All that aside, where is the best place to shop for replacement paddles.?


----------



## HillnGullyRider (Feb 9, 2014)

try amazon


----------



## micah68kj (Oct 8, 2011)

HillnGullyRider said:


> try amazon


Thanks. Never considered them. Will check them out.


----------



## micah68kj (Oct 8, 2011)

Amazon..... No Ariens paddles for 522 ss.


----------



## detdrbuzzard (Jan 20, 2012)

how about ebay, did you look there for paddles


----------



## HillnGullyRider (Feb 9, 2014)

micah68kj said:


> Amazon..... No Ariens paddles for 522 ss.
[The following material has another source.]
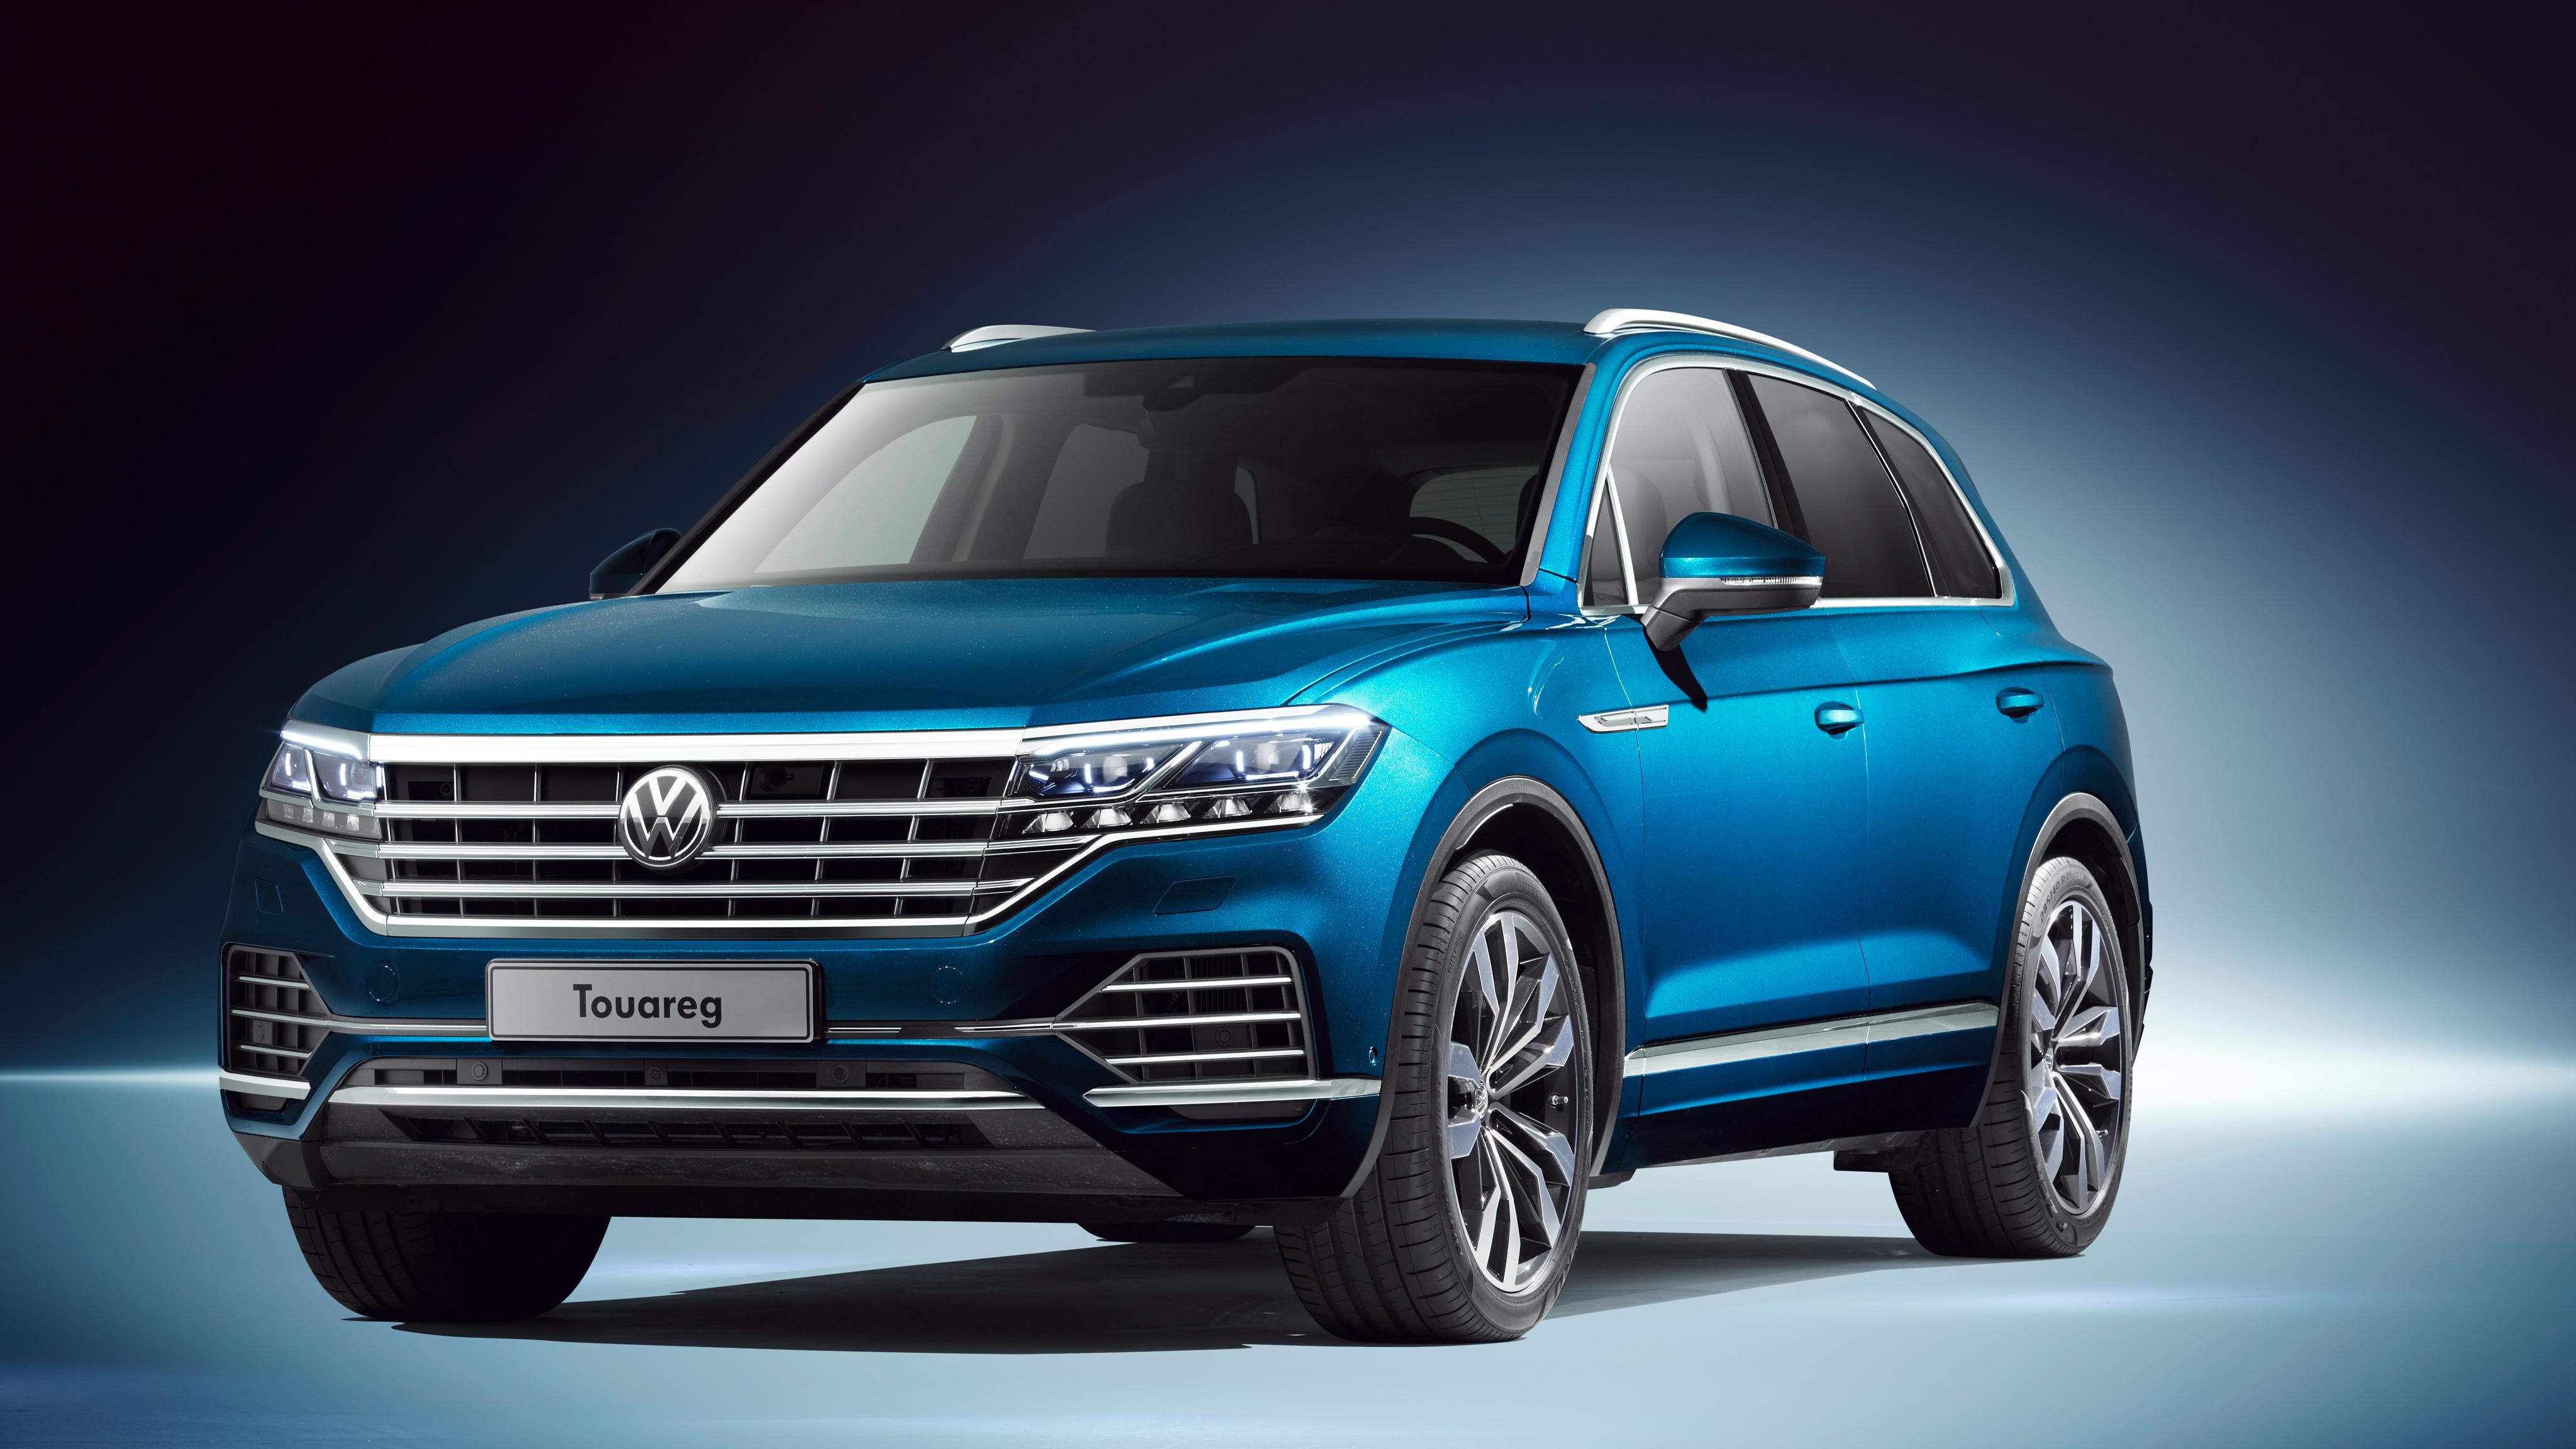 2018 Volkswagen Touareg V6 TDi 4K 3 Wallpaper HD Car Wallpapers 4096x2304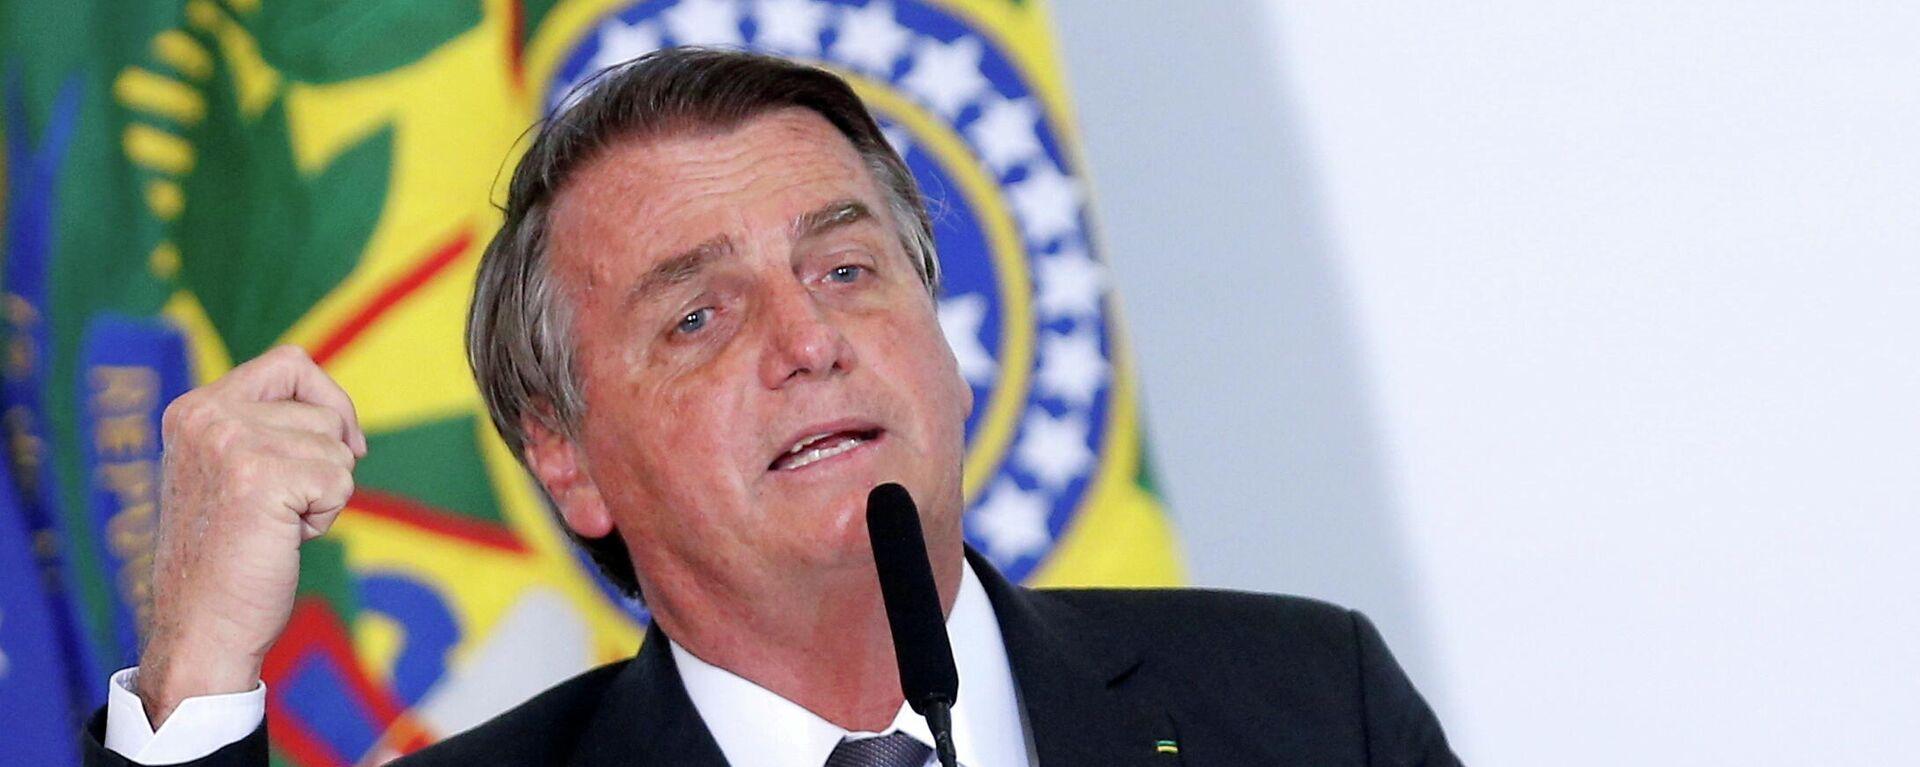 Jair Bolsonaro, presidente de Brasil - Sputnik Mundo, 1920, 20.07.2021

If you search by part number instead of the model name it may help, also you may want to search an aftermarket catalog like "Rotary" to find cross reference part numbers then re-try amazon or ebay. The after market usually has a good stock of high wear parts like paddles, skids, and scraper blades.


----------



## Grunt (Nov 11, 2013)

Yikes Joe.

$70 with free shipping. I thought my Toro paddles at $30 were high.


----------



## HillnGullyRider (Feb 9, 2014)

Ouch, that's more than half the price of those new single stage electric blowers

http://www.wenproducts.com/store/snow-throwers/WEN-13-A-18-inch-Electric-Snow-Thrower-Item-5662


----------



## micah68kj (Oct 8, 2011)

HillnGullyRider said:


> If you search by part number instead of the model name it may help, also you may want to search an aftermarket catalog like "Rotary" to find cross reference part numbers then re-try amazon or ebay. The after market usually has a good stock of high wear parts like paddles, skids, and scraper blades.


I'll try your idea tomorrow.
Need to go out and get the mdl/ser numbers from blower. $70 is an insane price. Seriously. For two pieces of material. Almost cheaper to buy a new blower, wear the paddles down, sell it and buy a new machine.


----------